Learn the details of different types of Machine Learning algorithms and tune them to optimize their performance for any application. While AI Basics covers how to use different algorithms in Regression and Classification, here we describe how they work internally and how to tune them. We also cover introduce an important new type of algorithm. Neural Networks (Deep Learning), which is used to understand images, sound and video.
Topics, Tools, and Modules:
Learn the details of ML algorithms, specifically
KNN
Decision Trees
Linear Regression
Neural Networks
Build and tune the hyper-parameters of these ML algorithms to build end-to-end working systems. Learn what hyper-parameters are, now they control the behavior of these algorithms, and how to modify them. Learn core concepts of regularization and feature engineering.
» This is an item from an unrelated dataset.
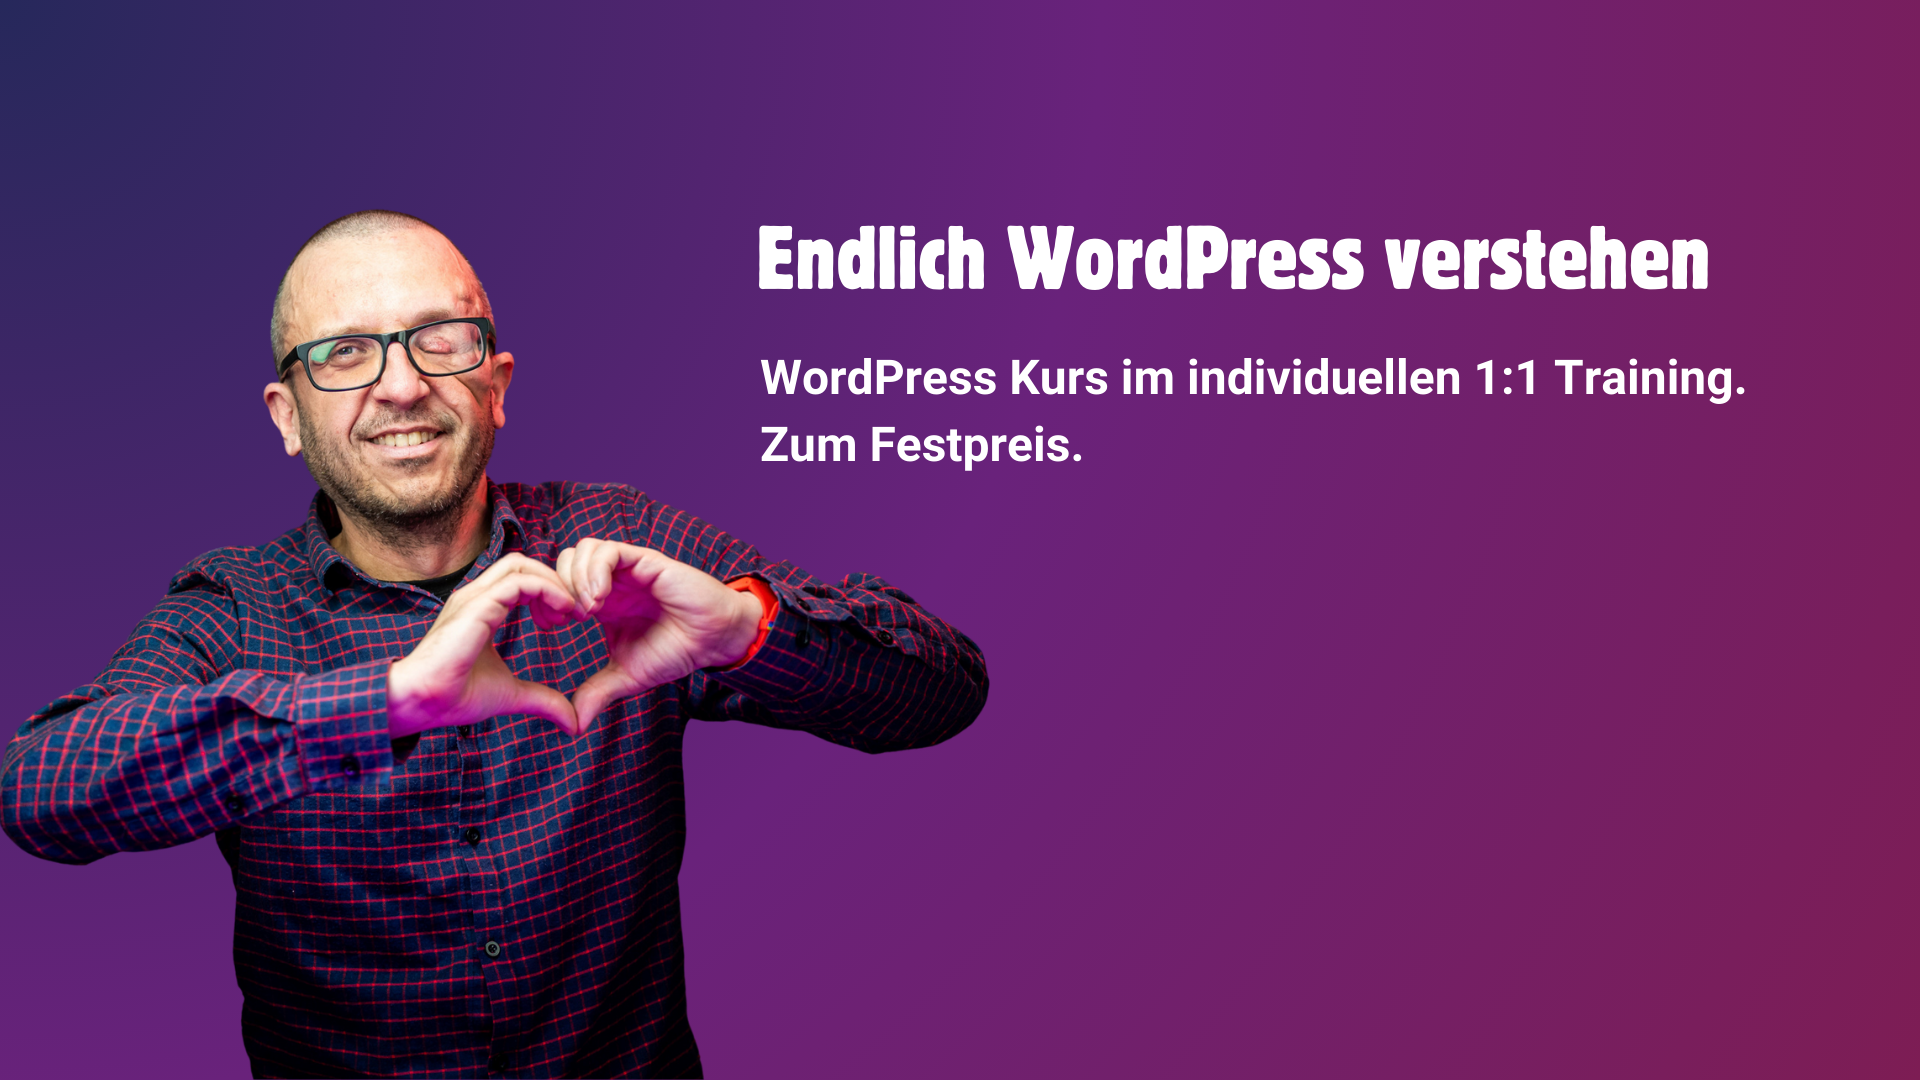 Sharepic mit Johannes und Schriftzug: "Endlich WordPress verstehen"

Learn to understand the type of problem and suitable algorithm in publicly available datasets such as Kaggle.
Train an AI to learn and compete in a target shooting game. Teach your AI to point correctly at the target. You can use either active game play or mathematics to create your training set.
Bring your own data and build a custom AI driven application in a code lab. You can program in any language you like. We will provide examples in Python, Scratch, Java and Javascript.
Prerequisites
Bring your own Laptop to class
The AI Basics class (M1) or students in Grade 8. Please contact info@pyxeda.ai if you are not sure about satisfying this requirement.
Basic linear algebra and probability background will be useful, but not a strict requirement.
What Students Take Away
Certificate of Completion from AIClub.
A cloud account that they can use to build new ML and AI applications using their laptops, tablets or other devices.
An AIClub membership where they can access new projects, showcase their code, and participate in competitions. Completing the advanced course will equip them with the skills they need to develop and showcase more advanced projects, and compete in advanced competitions.